The purpose of the analysis of technical documentation is to discover possible ambiguities or incompleteness on the one hand, and understanding the requirements in the direction of possible formalization on the other.

The main problem here is that keyword searches do not take into account synonyms or more abstract terms associated with given query words. This means that if a synonym is used for an important term in a patent application, for example, a wire instead of a cable, a keyword search may not reveal this relationship if an alternative term was not explicitly included in the search query. This is relevant since patent texts often use abstract and general terms to describe the invention in order to maximize protection [7].

If we consider the Internet as a multilingual database, a typical problem when searching for information is the search for relevant documents in the collection of documents by some key terms, or by the example of the corresponding document. Assessing the semantic similarity between words (phrases) is critical to assessing whether a document meets user needs. Many information retrieval systems, such as online library catalog systems, web search engines, deal with multilingual documents and must have tools to measure cross-language semantic similarity.

In recent decades, many studies have been carried out aimed at improving the effectiveness of measures of semantic similarity of words. However, studies of semantic similarity mainly focus on English. This is partly due to the limited availability of similarity criteria for words in languages other than English. Since the development of multilingual methods is necessary, there is an urgent need to find a reliable basis for assessing multilingual and interlingual semantic similarity.

Despite the fact that in many areas a multilingual measurement of semantic semantic similarity is required, most algorithms measure semantic similarity between words of the same language. Cross-language similarity was first described in 2009 [8] for Anglo-Spanish crosslanguage data sets. Over the past few years, multilingual word embeddings, which are lexical elements from several languages in a single semantic space, have attracted considerable attention of researchers [9][10][11].

Interlanguage applications are based on data mining methods, such as text clustering, which includes extracting words or phrases from documents as functions, representing documents as feature vectors, and then grouping documents into clusters based on similarity of feature vectors. In a multilingual document collection, recoverable functions will refer to multilingual words. Therefore, it is important to measure the similarity between the words of not only one language, but also of different languages.

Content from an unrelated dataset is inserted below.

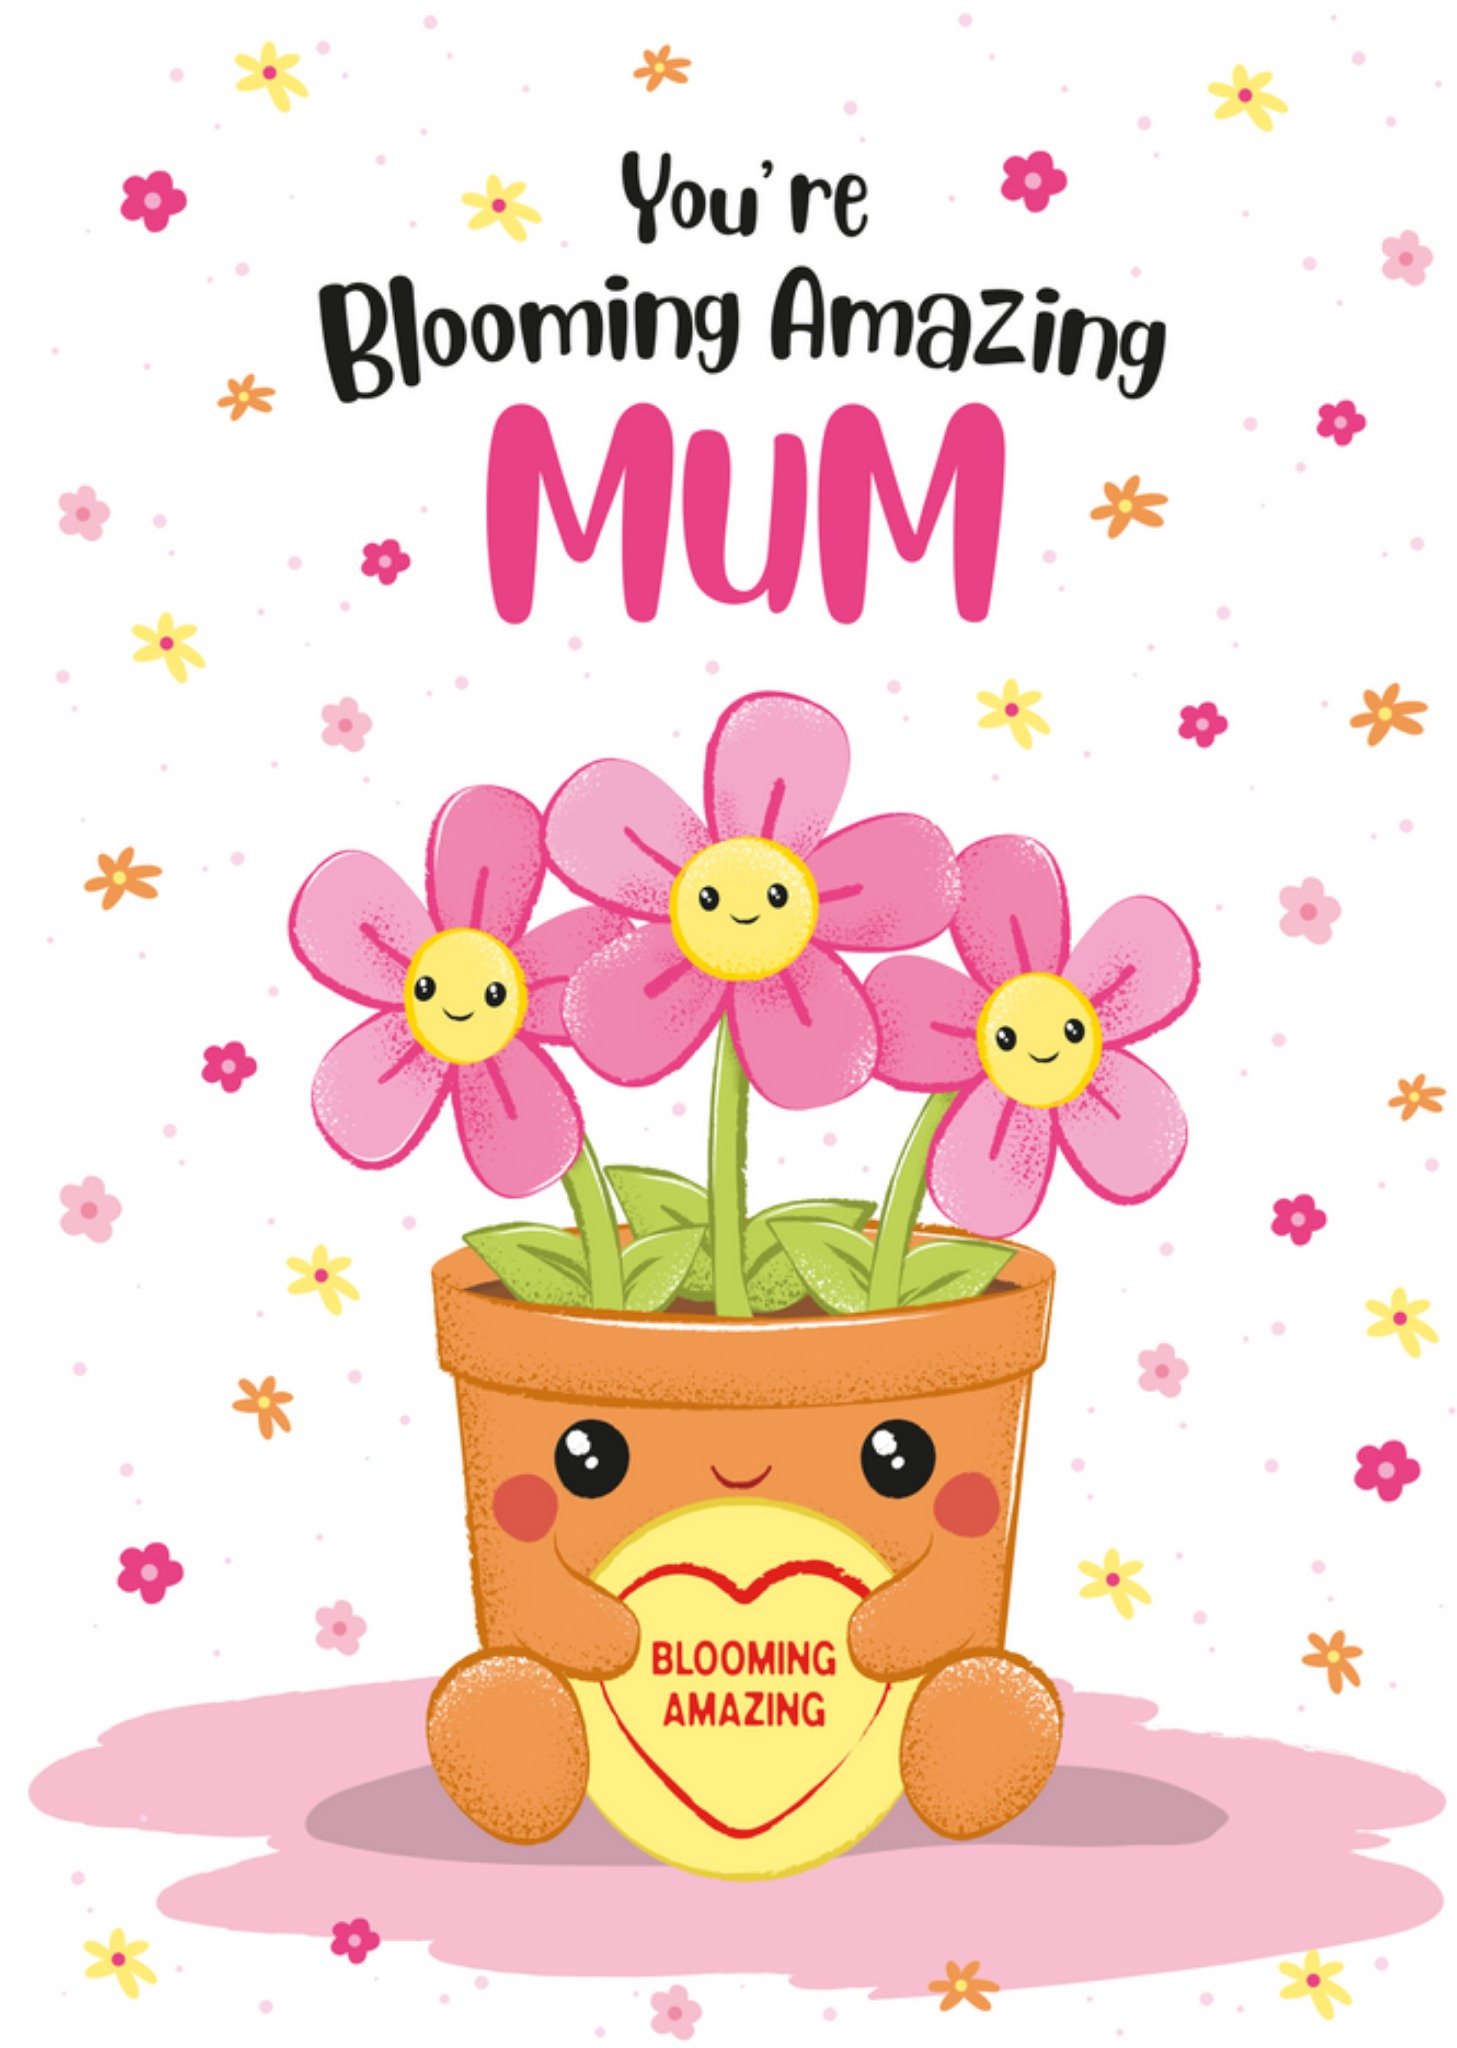 Swizzles Love Hearts Posh Paws You're Blooming Amazing Mum Illustrated Cute Plant Pot Character Moth
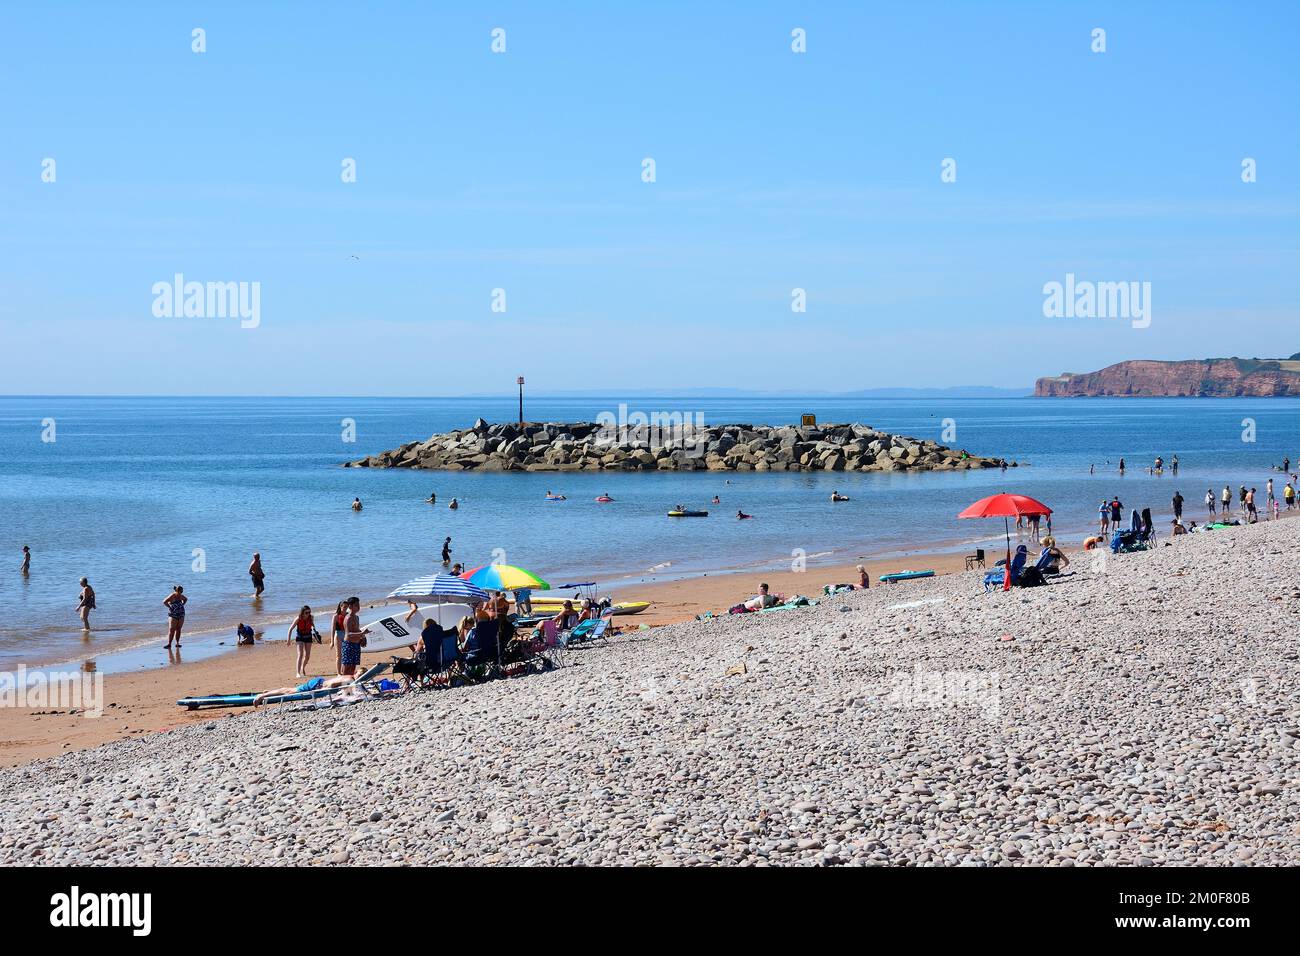 Tourists relaxing on the beach with views towards the cliffs, Sidmouth, Devon, UK, Europe. Stock Photo

According to the concept of the information data space [12], the information space should model a rich set of relationships between data repositories. To model the relationship between data warehouses in data spaces, you need a component that can measure the semantic similarity between interlanguage pairs. Sources in a data space can be relational databases, XML repositories, text databases, web services, etc.

The problem of plagiarism in a monolingual context is well developed [13]. Free machine translation tools help spread cross-language plagiarism (plagiarism by translation). In this relatively new field of research, the definition of semantic text similarity in language pairs has been carried out. The authors investigated various existing approaches to detect plagiarism on different language pairs and found that if the method is effective for a particular language pair, it will be equally effective for another language pair with a sufficient number of available lexical resources, i.e. the method can be optimized for a particular case and is effectively applied on another case [14].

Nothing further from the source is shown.